Noncoding “junk DNA”, which constitutes 98% of our genome, is now generally considered to play a fundamental role in the precise regulation of coding genes to establish cell identity. One feature of functional “junk DNA” is its accessibility. In cancer cells, aberrant chromatin accessibility is recognized as one of the major hallmarks. Understanding such events requires high-throughput screening, such as Assay for Transposase-Accessible Chromatin using sequencing (ATAC-seq), which generates large-scale data that are puzzling for biologists. However, existing web tools only support cell line data and lack high-quality clinical phenotypes or matched transcriptomes. Here, we developed Shiny Pan-cancer Accessible Chromatin Explorer (SPACE) as an all-in-one web server encompassing 562,709 regulatory elements in 404 patients across 23 cancer types. To the best of our knowledge, SPACE is the first web application supporting ATAC-seq analysis with matched clinical phenotype and transcriptome data. The current version of SPACE supports the following: (i) searching of ranked regulatory elements (peaks); (ii) exploration of potential regulators of peaks; (iii) examination of the clinical relevance of selected peaks; (iv) prediction of peak-related pathways; (v) correlations of peaks with RNAs; and (vi) exploration of the role of peaks in the immune-related tumor microenvironment. Thus, SPACE is an operable and time-saving epigenetic resource for cancer biologists to examine the transcriptional and phenotypic consequences of DNA regulatory elements. SPACE is available at http://fun-science.club/SPACE.

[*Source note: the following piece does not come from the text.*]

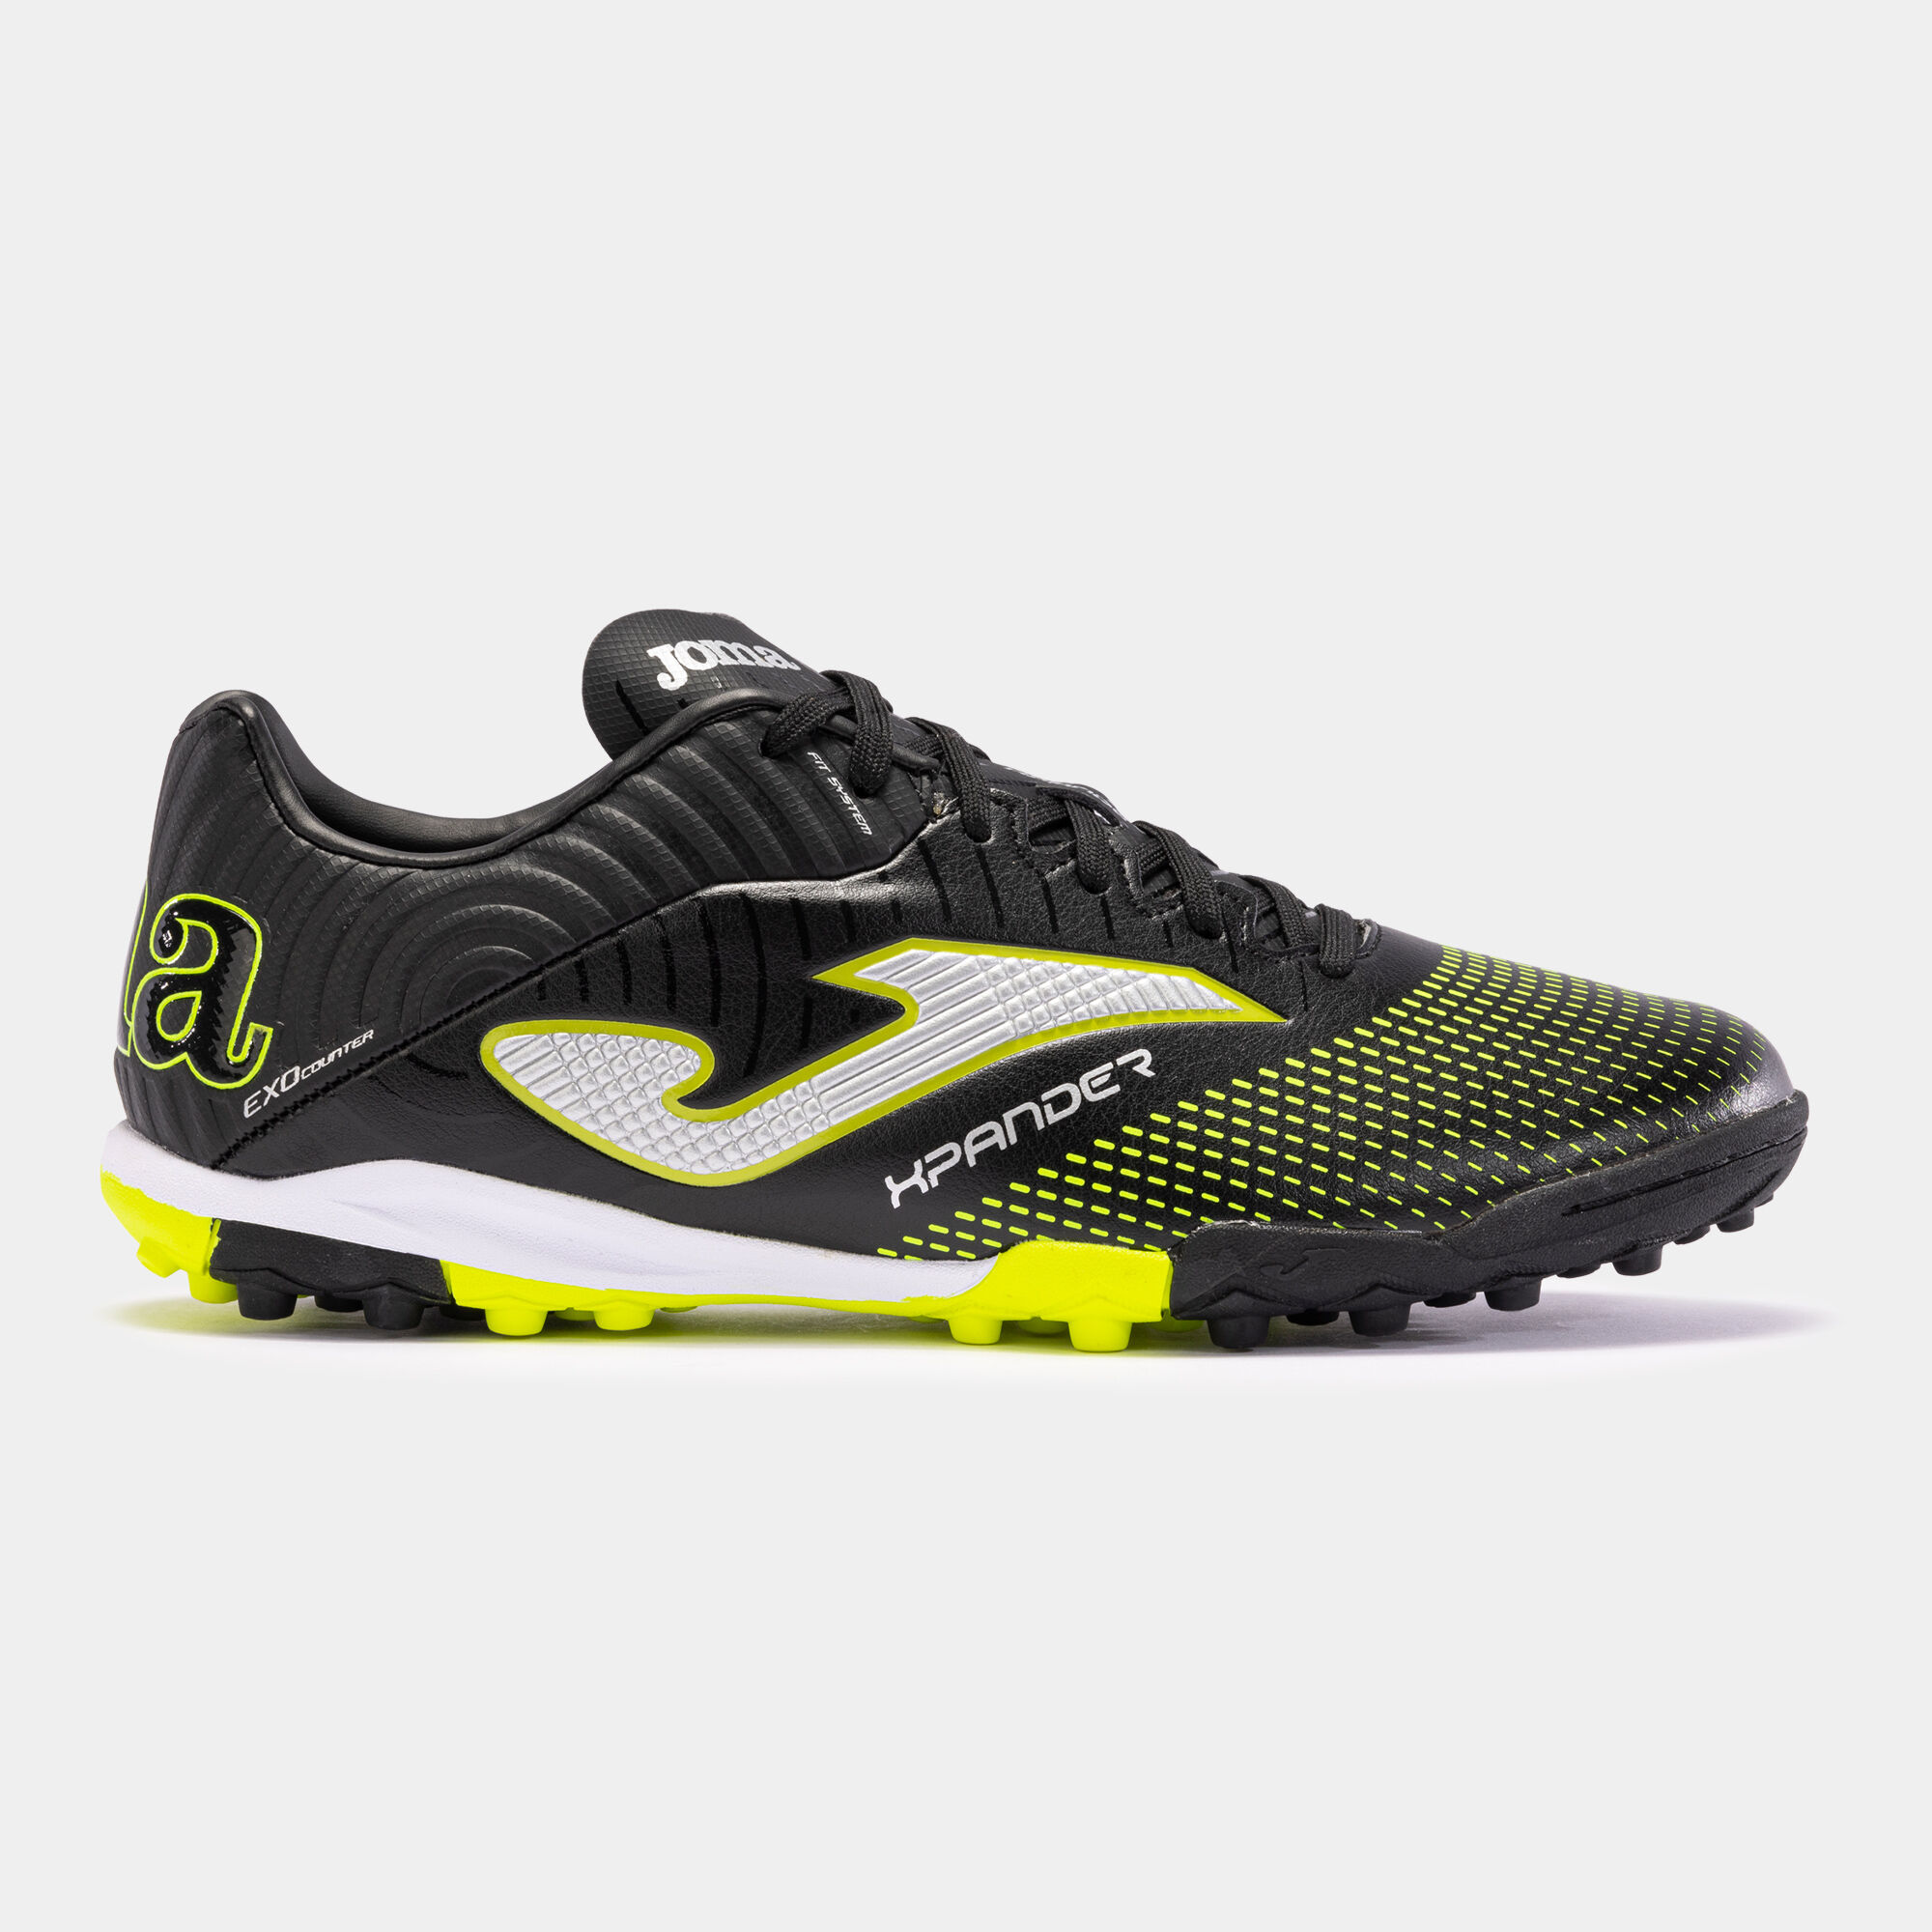 Football boots Xpander 23 turf black fluorescent yellow

In cancer cells, dynamic DNA accessibility orchestrates a precise regulatory network to foster oncogenes in cancer. State-of-the-art high-throughput technologies, such as ATAC-seq, can provide a precise map for understanding how chromatin states manipulate oncogenesis, which places ATAC-seq right in the limelight of the epigenetics community.1 However, existing online tools, such as Cistrome2 or ENCODE,3 are useful for cell-line-based analysis but do little in clinical sample-based analysis. Thus, there is a pressing need for developing a user-friendly resource of regulatory elements with high-quality phenotypes or matched transcriptomes. Most recently, newly published ATAC-seq datasets of TCGA samples make it possible to explore the clinical value of chromatin accessibility.1 However, large-scale data generated by ATAC-seq are hard for biologists to directly analyze. Linking the epigenome to matched transcriptional and clinical information requires programming skills and IT infrastructure.

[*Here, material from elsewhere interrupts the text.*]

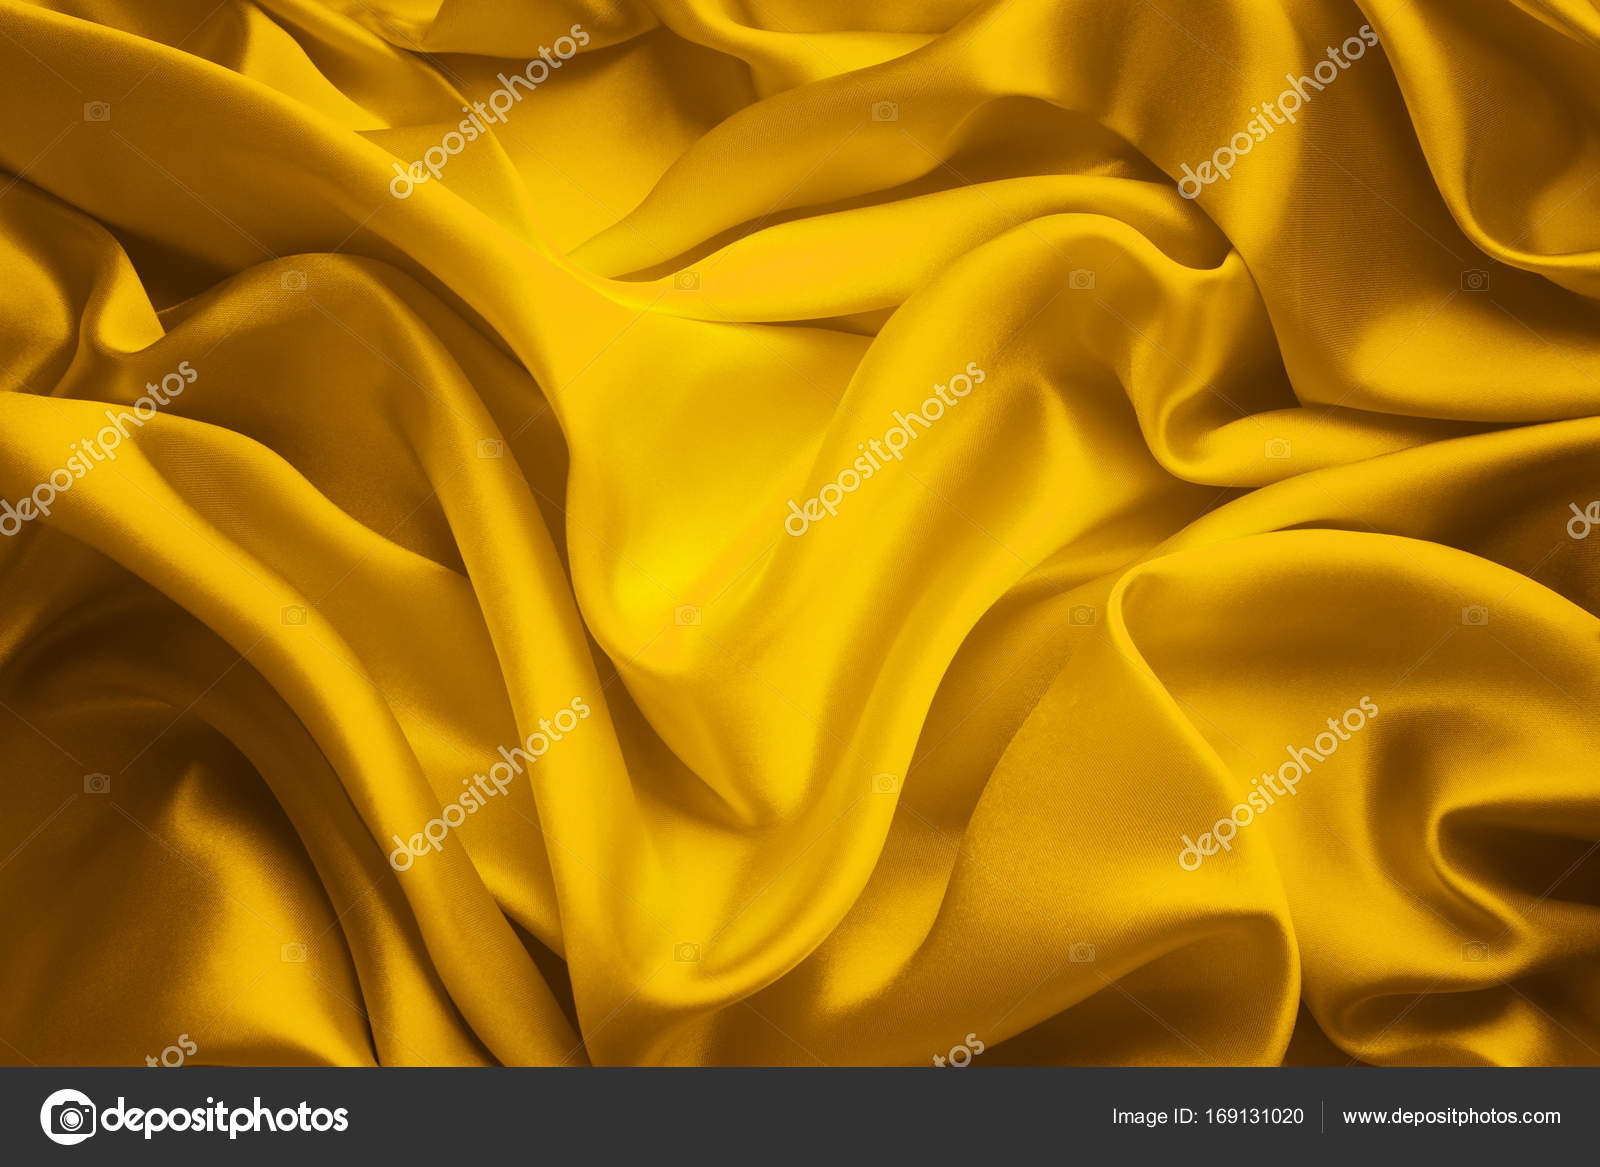 https://st3.depositphotos.com/1005721/16913/i/1600/depositphotos_169131020-stock-photo-silk-fabric-background-yellow-satin.jpg

Here, we developed SPACE (http://fun-science.club/SPACE) as an all-in-one web server to enable cancer biologists to analyze and visualize 562,709 accessible DNA elements from 404 patients across 23 cancer types. By integrating available datasets from public domains such as TCGA and ENCODE, SPACE allows users to search peaks (by gene or genomic regions) and further annotate peaks (super-enhancer, transcription factor (TF) binding, cis-regulatory, Expression quantitative trait loci (eQTL), and literature). With the matched transcriptome data, SPACE documents 17,638,113,605 peak-mRNA/lncRNA/miRNA pairs and their phenotypic association, such as prognosis or cancer subtype. Users can also predict peak-associated pathways and their role in the immune microenvironment. SPACE can serve as a useful resource to explore the roles of DNA regulatory elements and their associated transcriptional changes as well as the clinical relevance in cancer patients.
The user interface of SPACE was written in R Shiny. The detailed procedures of data processing are described on the document page of SPACE. In brief, SPACE supports an integrative analysis of ATAC-seq, RNA-seq, Chromatin Immunoprecipitation using sequencing (ChIP-seq), enhancers, 3D chromatin loops, literature mining, and eQTL analysis. Analysis results are returned to the web page and can be downloaded in PDF, XLS, CSV, and TXT formats. The workflow and typical output schema are shown in Fig. S1.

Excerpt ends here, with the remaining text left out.